Of course, it will also allow Mercedes to stop the reassembly practice.
There have been several attempts to eliminate the chicken tax. Opponents argue that it has allowed American automakers to remain stagnant, charging higher prices for trucks without outside competition.
The tariff has affected the Detroit Three, as well: The Ford Transit Connect is built in Spain; the Ram ProMaster City is made in Turkey. Both companies jump through the same hoops as Mercedes in order to bring their vans to the U.S. In 2013, Ford ran afoul of U.S. Customs over its attempts to bypass the tariff.
The Trans-Pacific Partnership trade deal signed by President Barack Obama in 2016 would have phased out the chicken tax over the course of 30 years.
That effort proved fruitless. In January, President Donald Trump signed an executive order withdrawing the United States from the TPP.

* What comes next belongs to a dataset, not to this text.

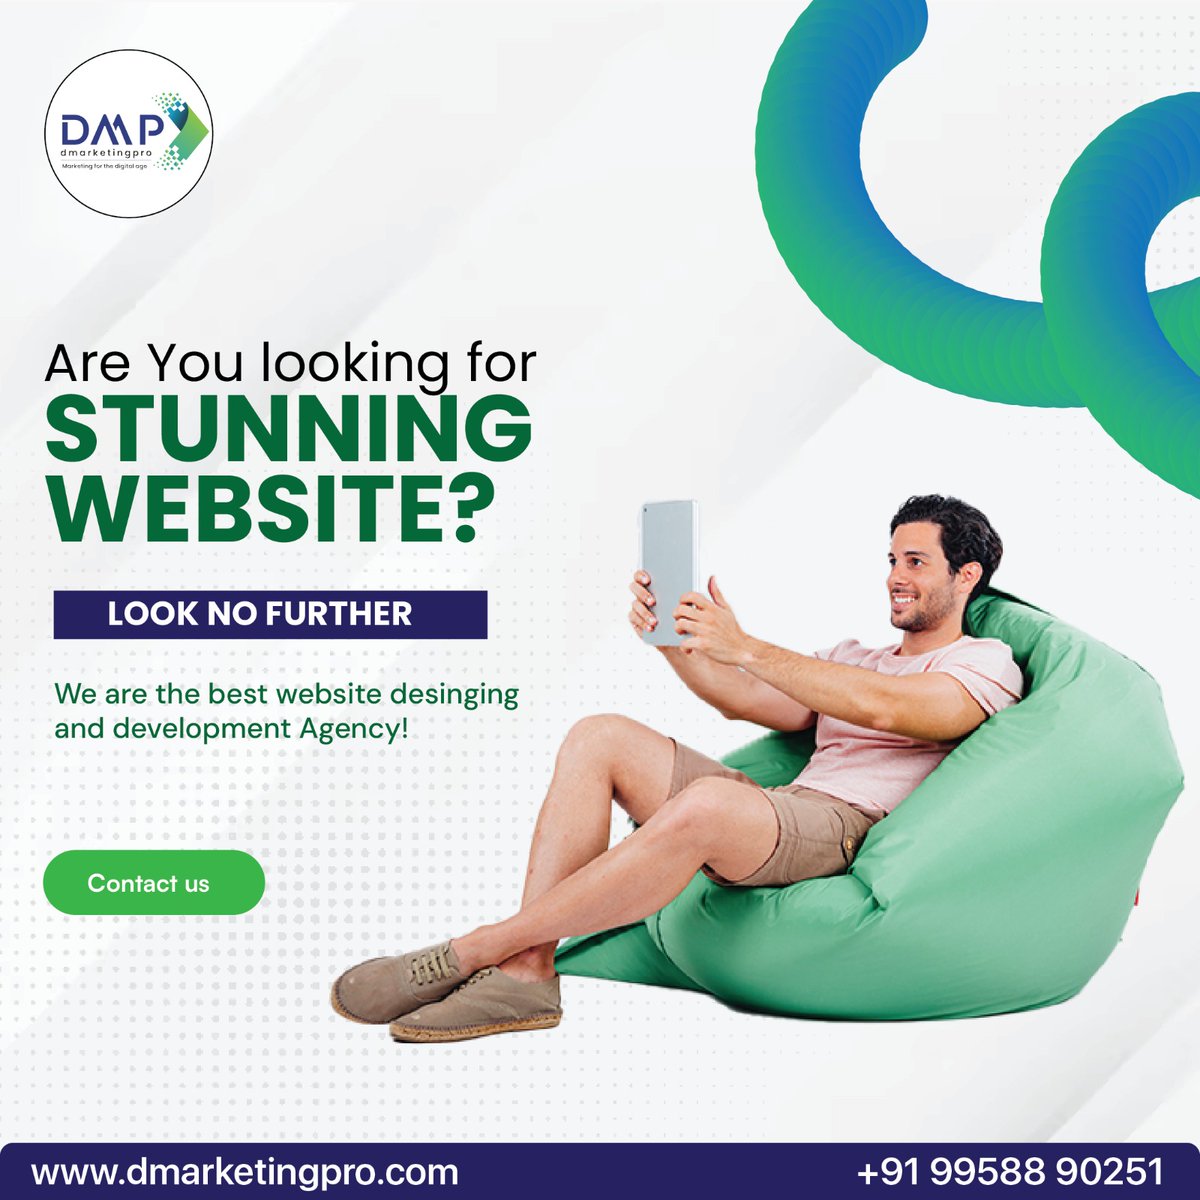 At D Marketing Pro, we craft bespoke websites tailored to your brand's unique identity and goals. With our expertise in responsive design, e-commerce solutions, and SEO, we're your partners in building a standout online presence.#webdevelopment #Website #Webdesign #DigitalMarket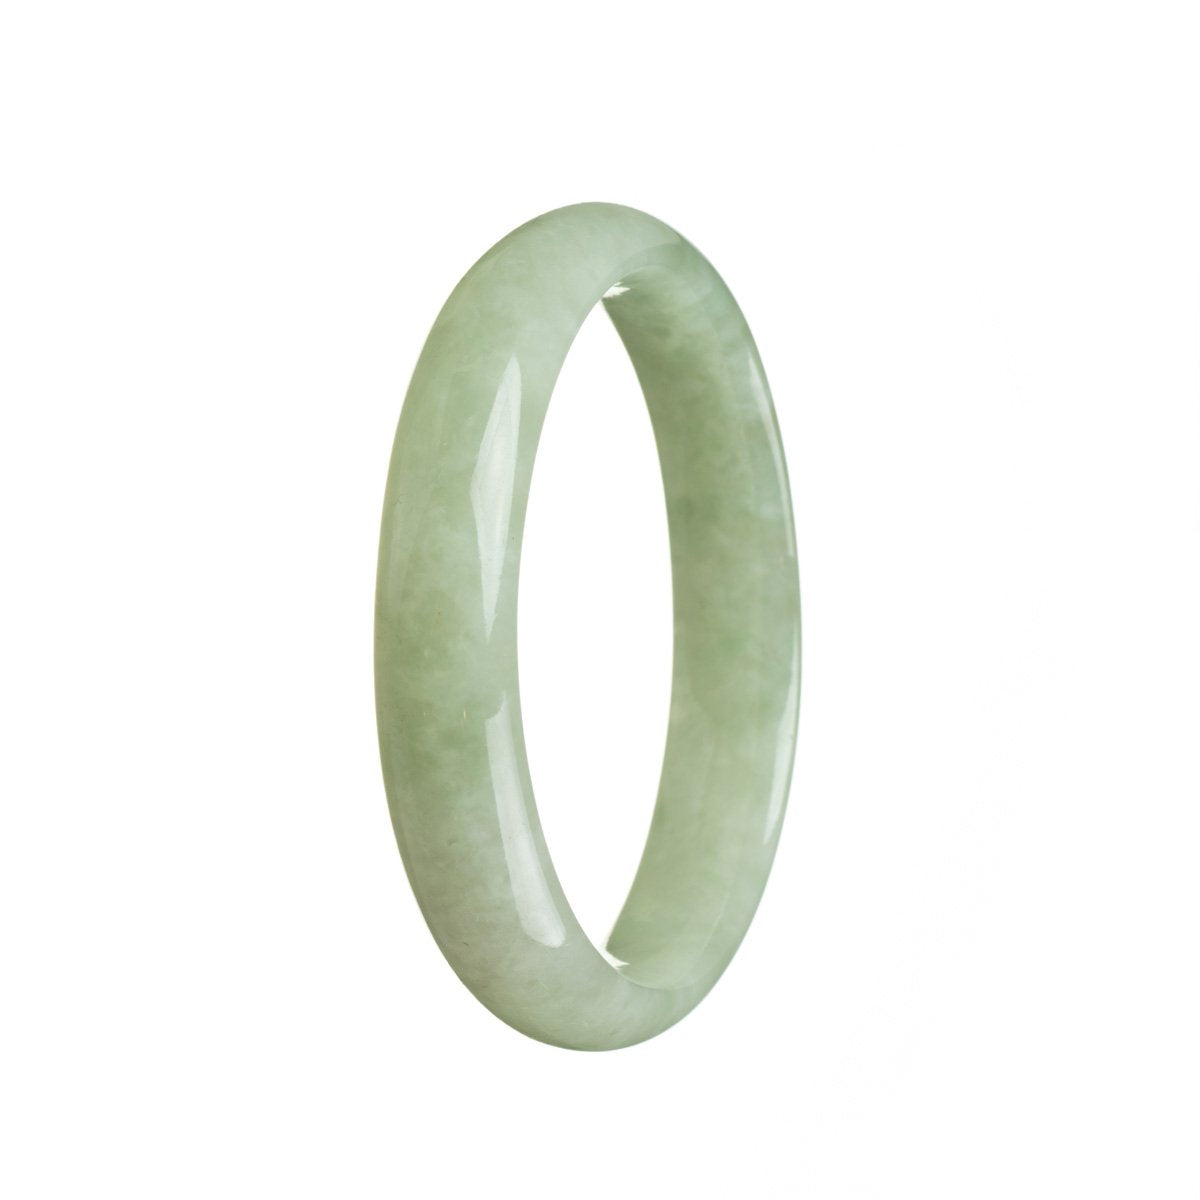 A close-up image of a beautiful, high-quality olive green jade bangle bracelet with a half moon shape. The bangle has a smooth and polished surface, showcasing the natural beauty and vibrant color of the jade. The bracelet is 57mm in size and is a real grade A piece, displaying its exquisite craftsmanship and elegance. From MAYS™.

At the moment, there is no formal effort to repeal the chicken tax. Auto companies have avoided bringing their trucks and vans to the U.S. to avoid paying the duty, Sullivan said. Hyundai and Volkswagen are simply not willing to jump through such hoops, or build domestic facilities.
When it comes to the chicken tax, Mercedes is the rare commercial van builder that has opted to set up permanent shop.
“If anything, it’s really kept some of the competition out,” he said.